(REQUIRED ACTION) The entries that follow should be repeated exactly, with no pictures kept.

=-=-=

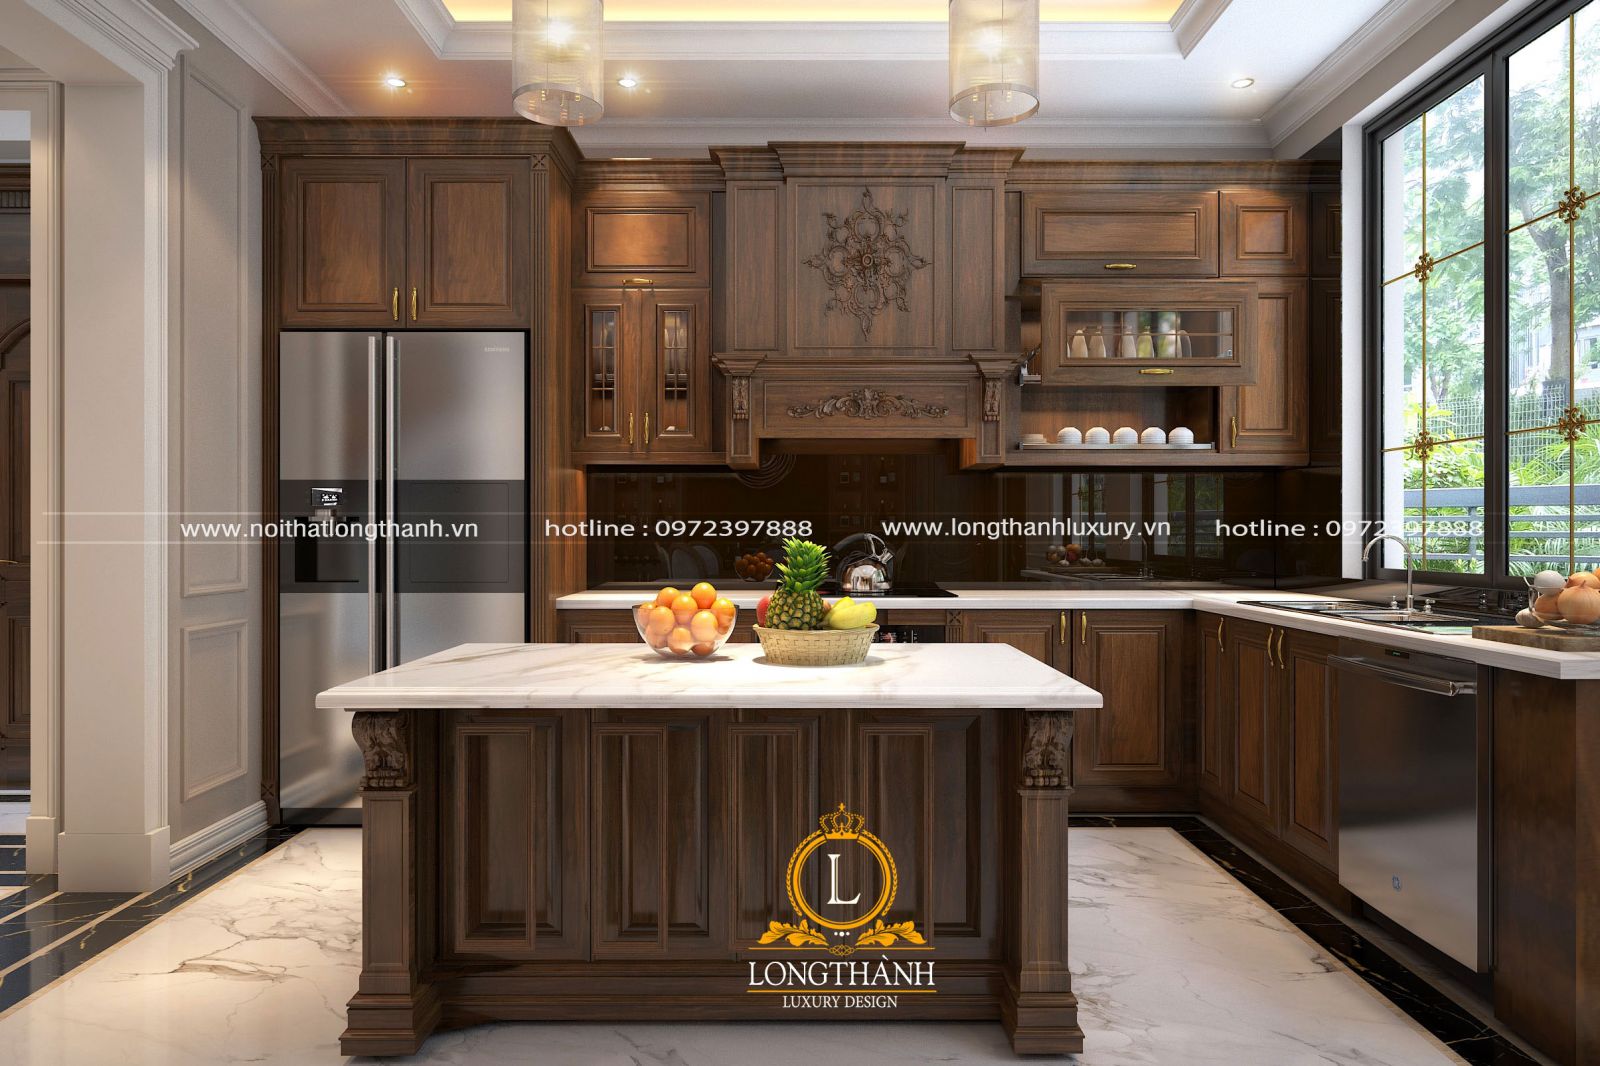 Tủ bếp tân cổ điển được thiết kế phù hợp với diện tích không gian nội thất
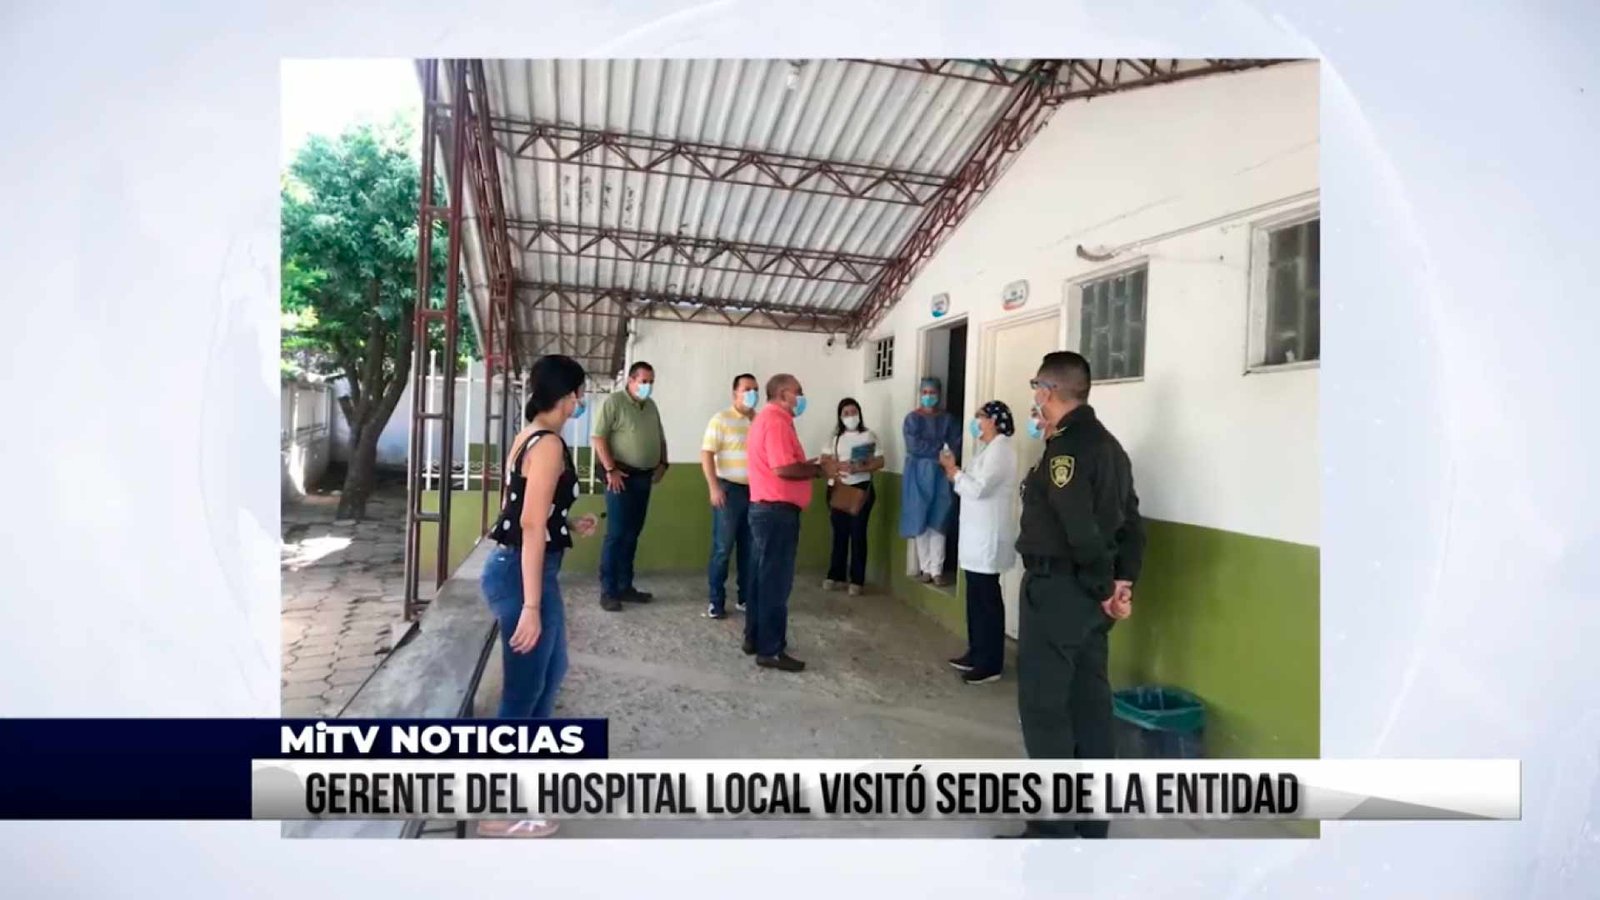 GERENTE DEL HOSPITAL LOCAL VISITÓ SEDES DE LA ENTIDAD
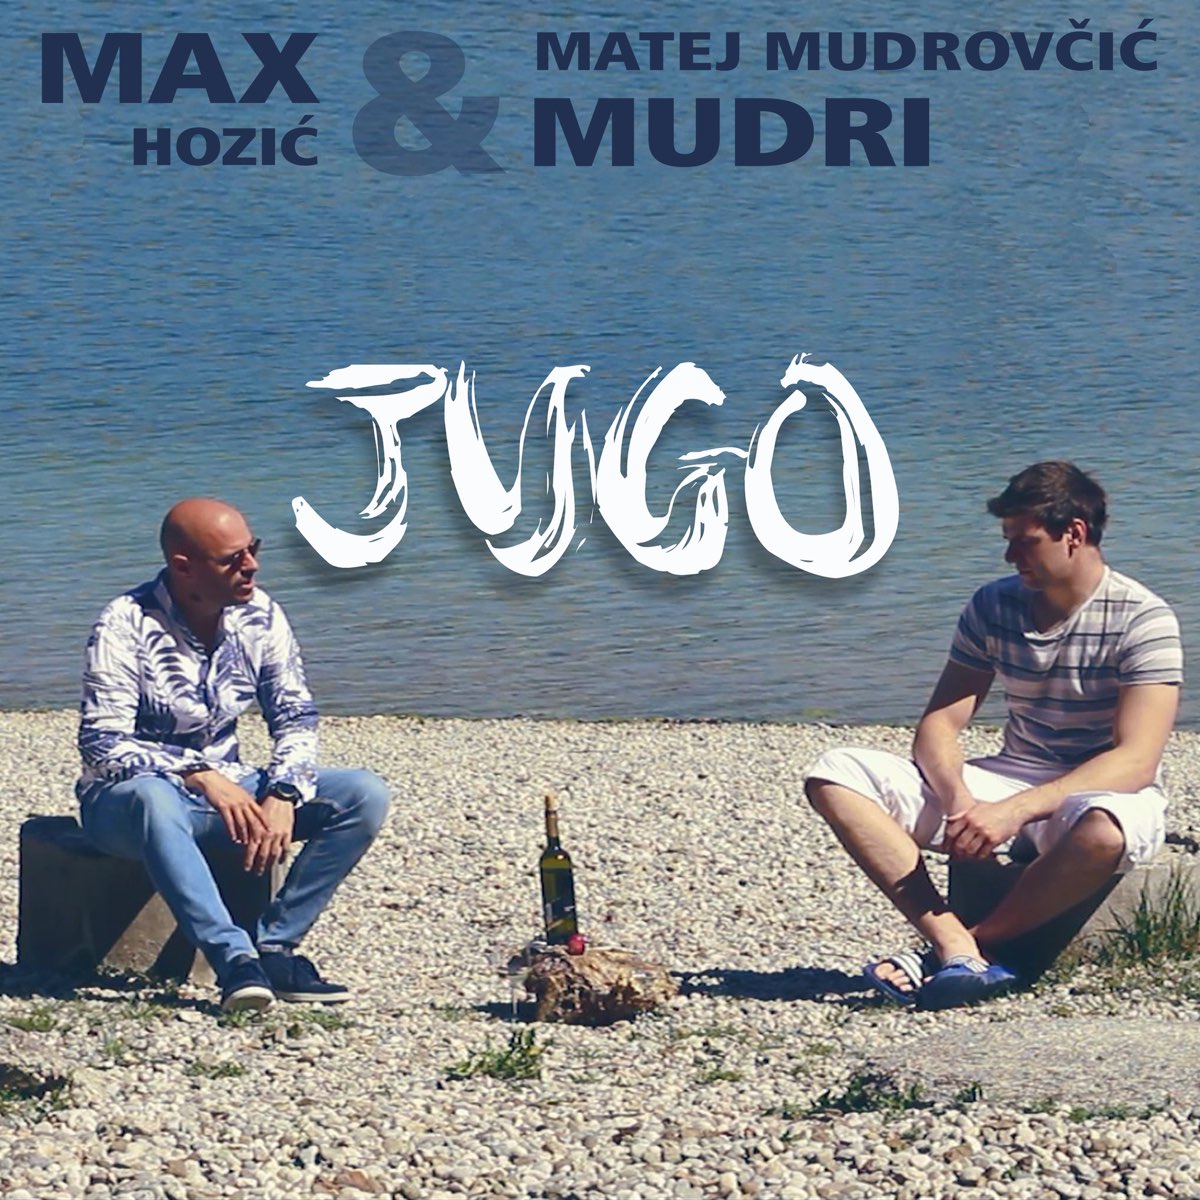 Jugo - Single - Album by Max Hozić & Matej Mudrovčić Mudri - Apple Music
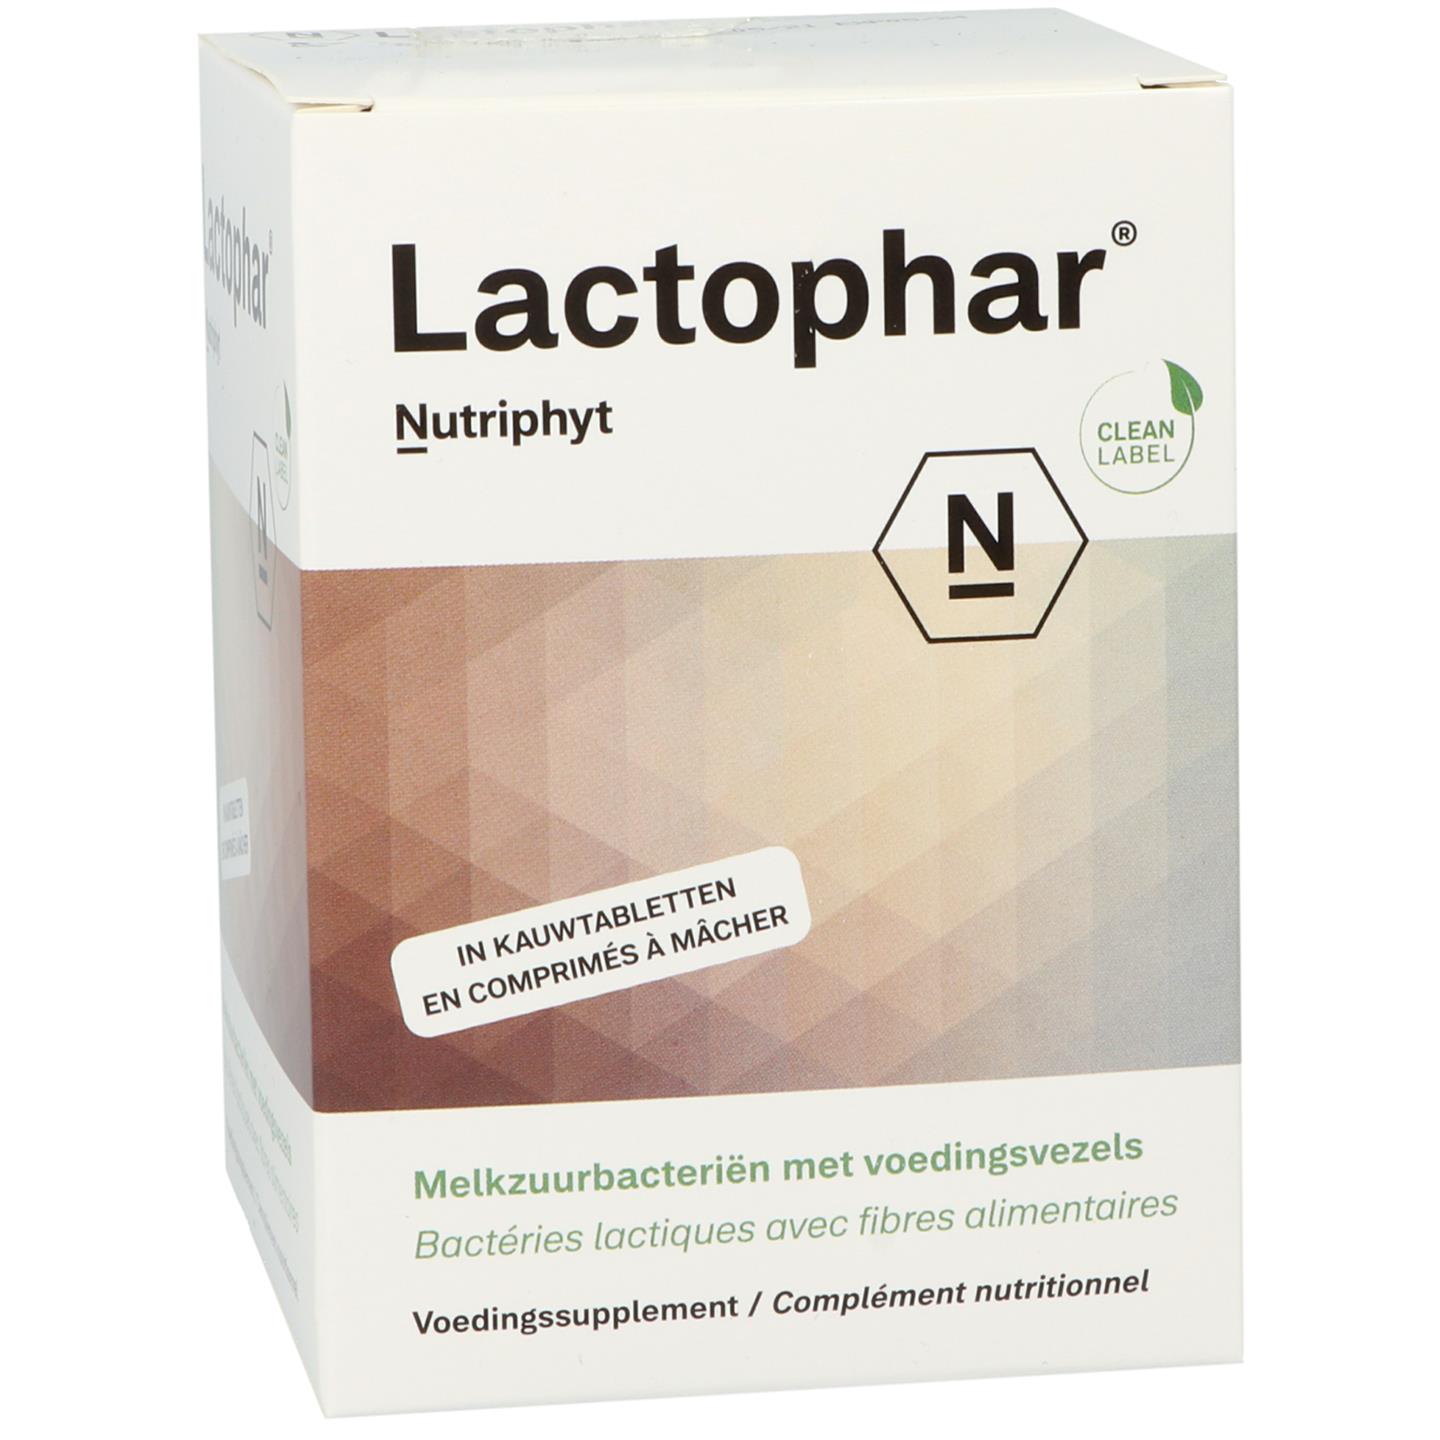 Lactophar
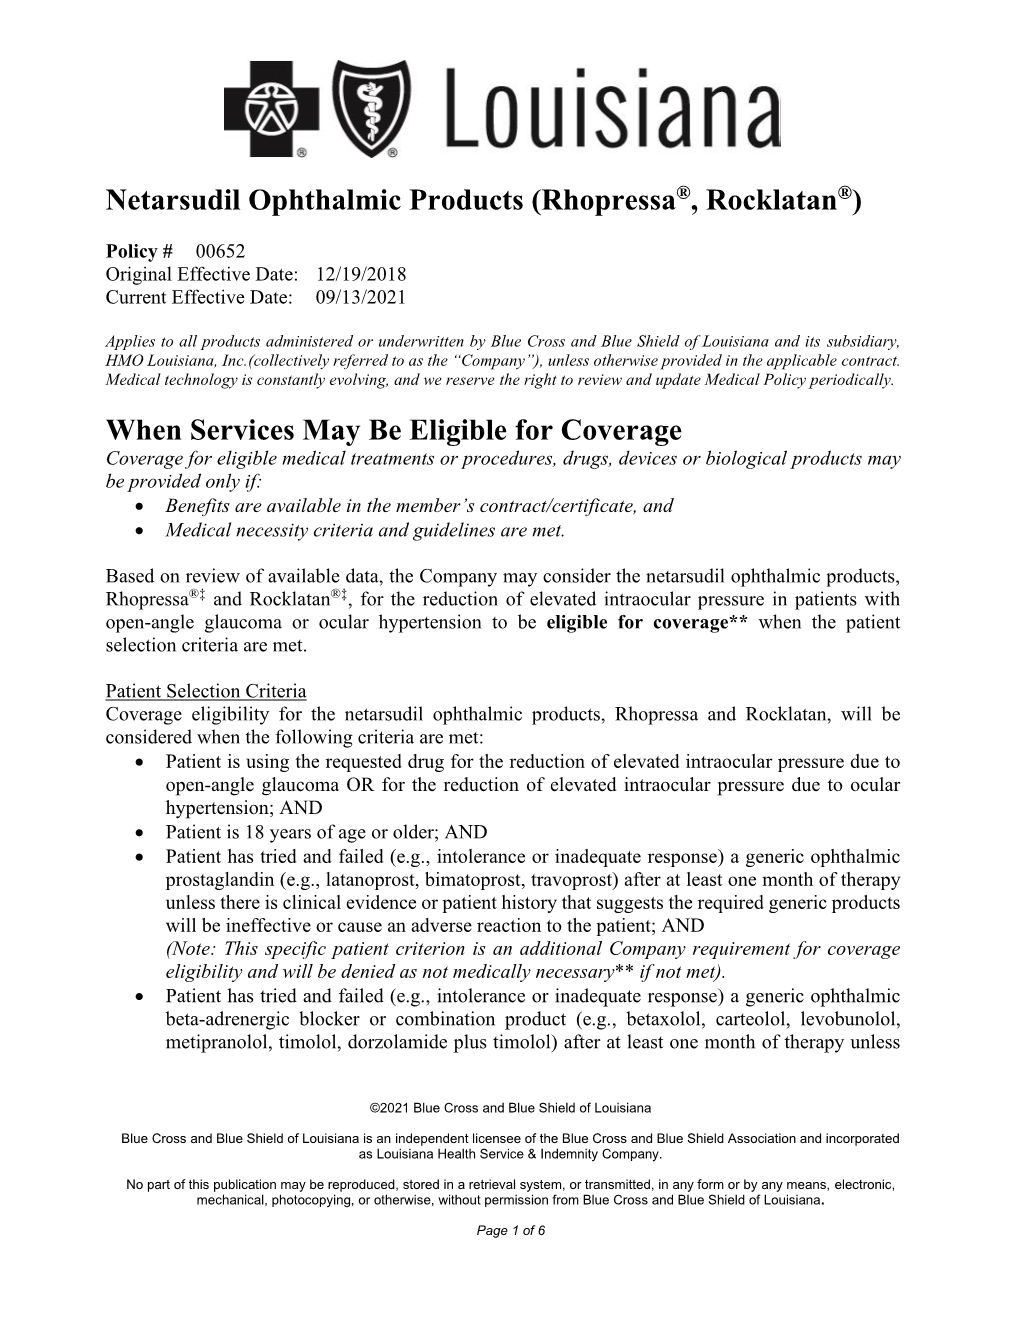 00652 Netarsudil Ophthalmic Products (Rhopressa, Rocklatan)

=-=-=

(SOLUTION FOR THIS TASK)
 Tủ bếp tân cổ điển được thiết kế phù hợp với diện tích không gian nội thất
 GERENTE DEL HOSPITAL LOCAL VISITÓ SEDES DE LA ENTIDAD
 Jugo - Single - Album by Max Hozić & Matej Mudrovčić Mudri - Apple Music
 Lactophar
 00652 Netarsudil Ophthalmic Products (Rhopressa, Rocklatan)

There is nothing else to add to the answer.